Butternut Squash Lasagna Rolls

recipe image

I in actuality bear such fond recollections of serving to my mom invent lasagna as a baby. I used to be once responsible of layering the noodles, sauce, ricotta and mozzarella. Currently, my lasagna is a bit lighter than my mom’s. In advise of developing it as a huge tray, I desire to invent them into rolls—which I load up with vegetables—for better part maintain an eye on. And here I swap tomato sauce for a wonderfully savory Butternut squash sauce with shallots, garlic, and Parmesan cheese.

Recipe files

  • Yield

    Serves 9, Serving dimension 1 lasagna roll

Substances

Butternut Squash

1 pound peeled butternut squash, diced

kosher salt

Lasagna Rolls

1 teaspoon olive oil

1/4 cup minced shallots

2 cloves garlic, minced

2 1/2 tablespoons new grated parmesan cheese

10 oz frozen chopped spinach, cooked in step with kit directions, cooled, and squeezed dry

1 3/4 cups (15 oz) stout-free ricotta cheese

1/2 cup grated Parmesan cheese

1 huge egg

1/2 teaspoon kosher salt

Freshly cracked shadowy pepper

9 lasagna noodles, wheat or gluten-free, cooked

9 tablespoons shredded fragment waft mozzarella cheese (about 3 oz)

Preparation

  1. Step 1

    Preheat the oven to 350°F.

  2. For the butternut squash

    Step 2

    Tell squash in a huge pot with ample water to duvet the squash by 2 inches. Add 1 teaspoon salt and say to a boil. Quilt and cook dinner over medium-low warmth except soft, about 12 to 14 minutes. Remove butternut squash with a slotted spoon and advise in a blender with 1/4 cup of the liquid it was once cooked in. Reserve an further 1 cup of liquid and advise apart.
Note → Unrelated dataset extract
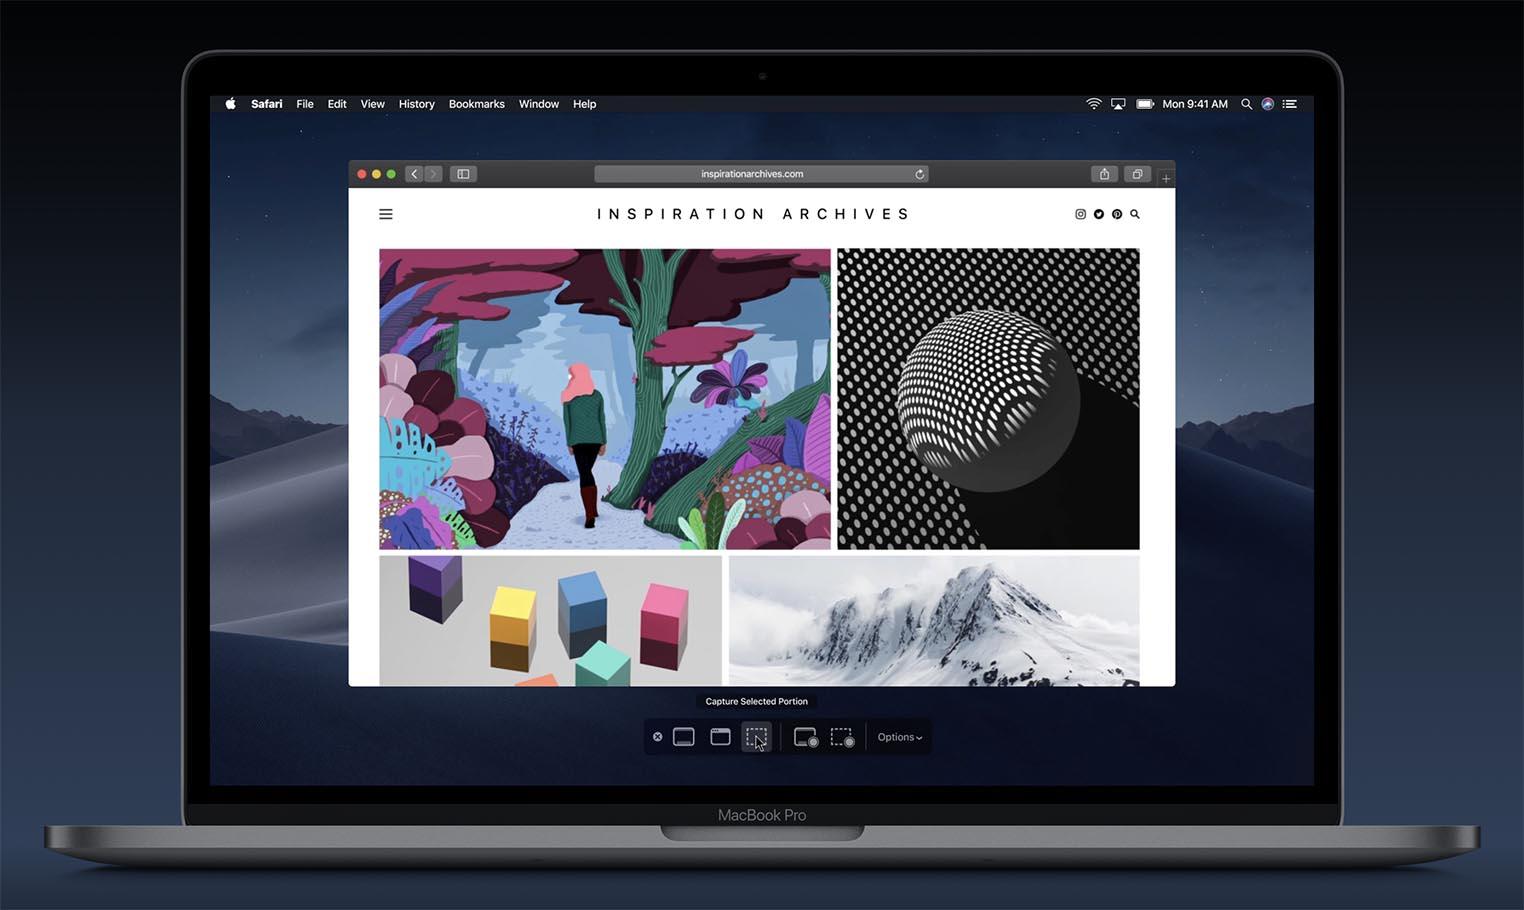 macOS 10.14 Mojave copie d'écran

  3. For the lasanga rolls

    Step 3

    In a medium nonstick skillet, add the oil and saut¿he shallots and garlic over medium-low warmth except soft and golden, about 4 to 5 minutes. Add pureed butternut squash, season with 1/4 teaspoon salt and a pinch of new cracked pepper adding about 1/2 cup to 3/4 cup of the reserved liquid to thin out the sauce except smooth. Walk within the parmesan cheese and advise apart.

    Step 4

    In a medium bowl, mix the spinach, ricotta, the relaxation 1/2 cup Parmesan, egg, 1/4 teaspoon salt, and the shadowy pepper.

    Step 5

    Ladle about 1/2 cup of the butternut sauce into the bottom of a 9 ¿13-scramble baking dish.

    Step 6

    Keep a portion of wax paper on a work ground and lay the cooked lasagna noodles out on it. Be sure the noodles are dry. Unfold 1/3 cup of the ricotta mixture over each noodle. Rigorously roll them up and save apart them seam aspect down within the baking dish. Ladle the relaxation sauce over the lasagna rolls and prime each with 1 tablespoon mozzarella. Tightly duvet the dish with foil.

    Step 7

    Bake except the interior is heated through and the cheese is melted, about 40 minutes.

Skinnyscoop

For very top freezing outcomes, freeze the lasagna rolls after you bake them in a freezer-accurate zip-prime to find or container. To reheat save apart the frozen lasagna rolls in a baking dish. Quilt with foil and bake at 375°F for forty five to 50 minutes.

Reprinted from The Skinnytaste Cookbook, by Gina Homolka, with Heather Okay. Jones, R.D., Copyright © 2014, published by Clarkson Potter.
As a busy mother of two, Gina Homolka started Skinnytaste.com when she wished to lose a pair of kilos. Within the her wildly anticipated debut cookbook, The Skinnytaste Cookbook: Light on Energy, Substantial on Flavor, Gina Homolka affords her followers precisely what they desire: 150 straightforward, flavorful recipes that are miraculously low calorie and made from all-pure, straightforward-to-to find substances. With 125 all-unique dishes and 25 should always-bear favorites, it takes easiest one stare to stare why other folks scramble loopy for Gina’s meals.